I didn't get a chance to return to Heartwood for a meal, but did take advantage of a jaunt into Halifax later that week to swing by to taste-test their supposedly infamous Chocolate Peanut Butter Cheesecake. The photos in this post were all taken on that day, incidentally, which was a Wednesday afternoon just after 3 pm. (When my host Mike and I had popped in on the previous Saturday afternoon, the restaurant had been full. When I walked in on Wednesday, a couple of the booths were occupied and several customers came and left with takeout orders. There did end up being a lull, which left me happily snapping away for a while, thus the photos.) The cheesecake was priced at $7.25 a slice. I ordered some, along with the coffee I'd loved so much on the previous visit. My first few bites of the cheesecake were disappointing. It was creamy-rich, but the chocolate-y taste reminded me of that sort of half-hearted result you get with carob or with cheap frosting. It was really sweet, but not fulfilling. The coffee, however, complemented that well, and as I picked away at the slice and got closer to its heel, the peanut butter kicked in and was just super.
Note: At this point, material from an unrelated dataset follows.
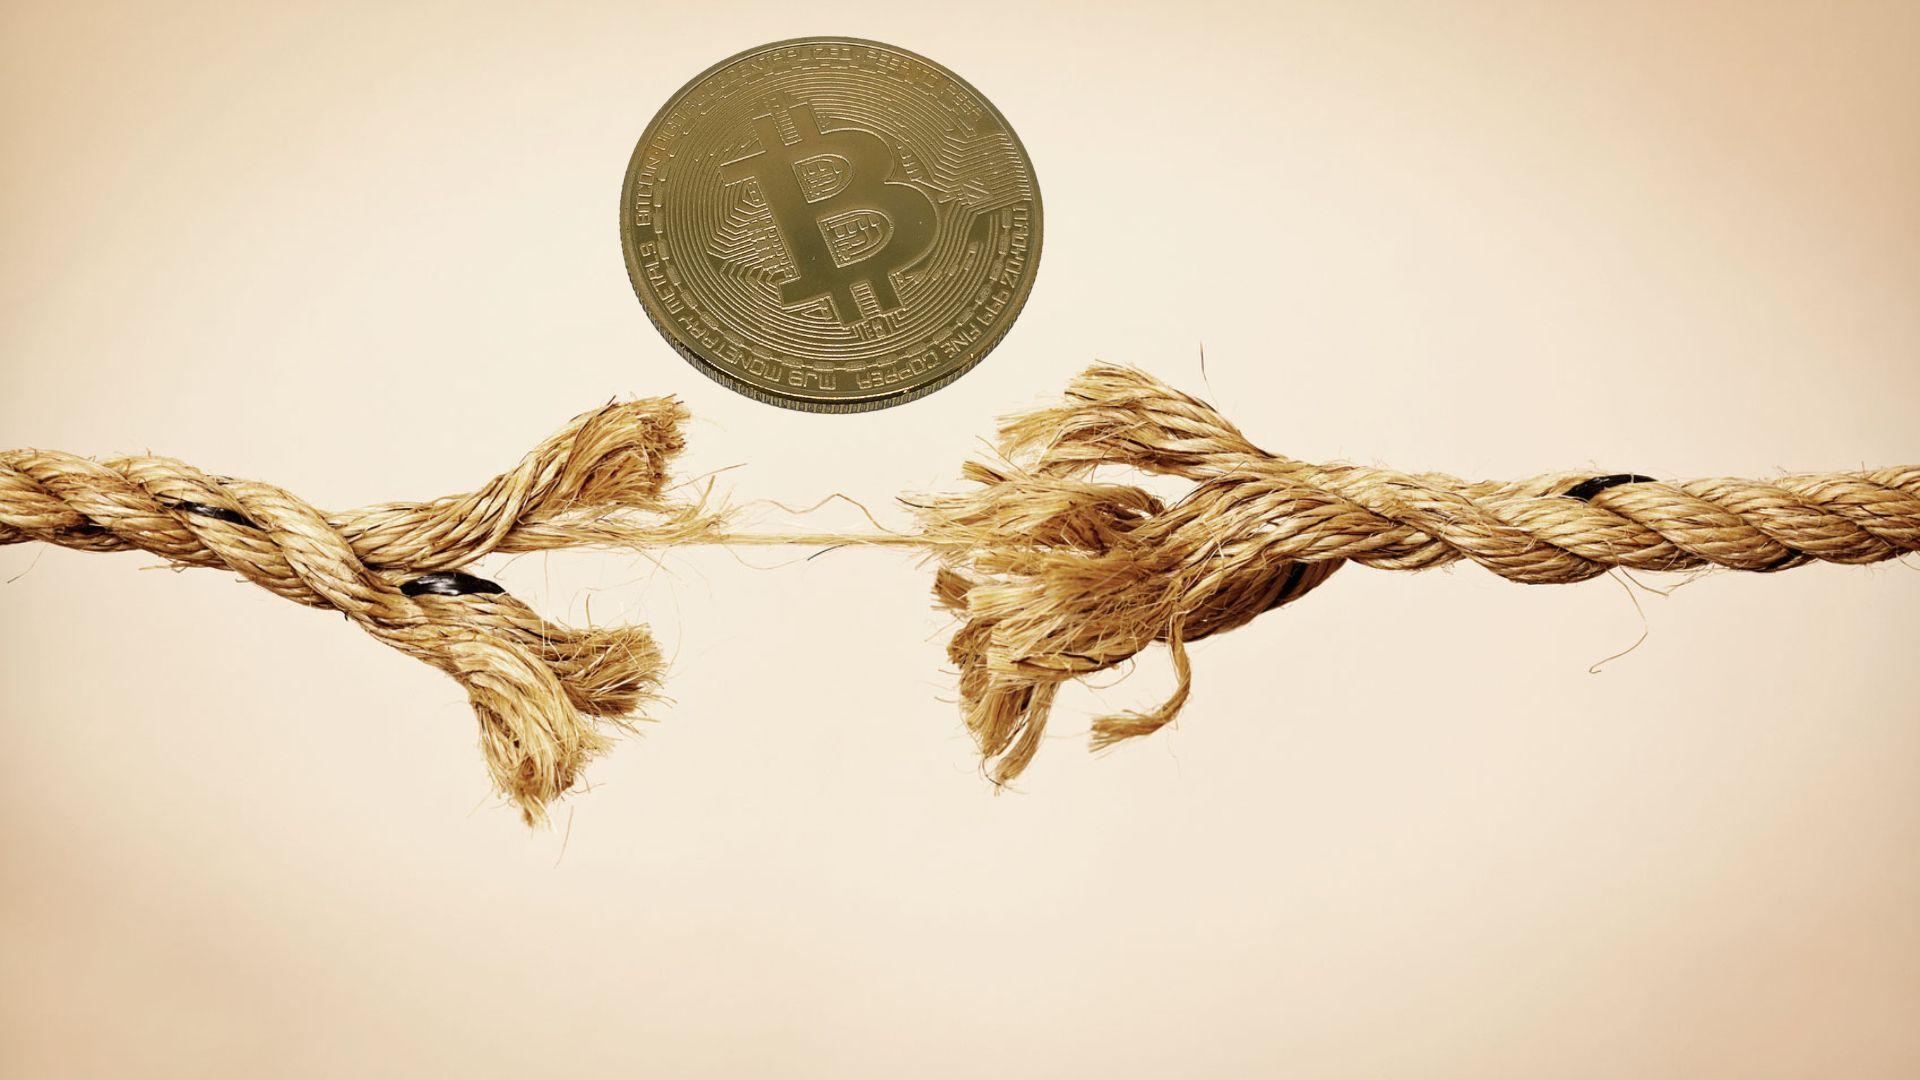  Makro strategas mano, kad Bitcoin atsiejimas nuo akcijų leistų jam klestėti

I sat there munching and sipping away, watching passersby on Quinpool while old 1920s jazz played quietly, really loving being there. And hell, it looked lovely before I tore into it.

Would I get it again? Likely not. I've since been told by Haligonian vegans that The Wooden Monkey (another vegan-friendly but non-vegan restaurant) is the place to go for mind-blowing vegan cheesecake in Halifax. I will, however, definitely revisit Heartwood when I hit Halifax again, if only to allow myself to taste that incredible vegan pizza again and to actually branch out a bit and try a few other entrees on their menu. I did end up visiting The Wooden Monkey later that evening, but it was cheesecake-free and that story's best left for another post.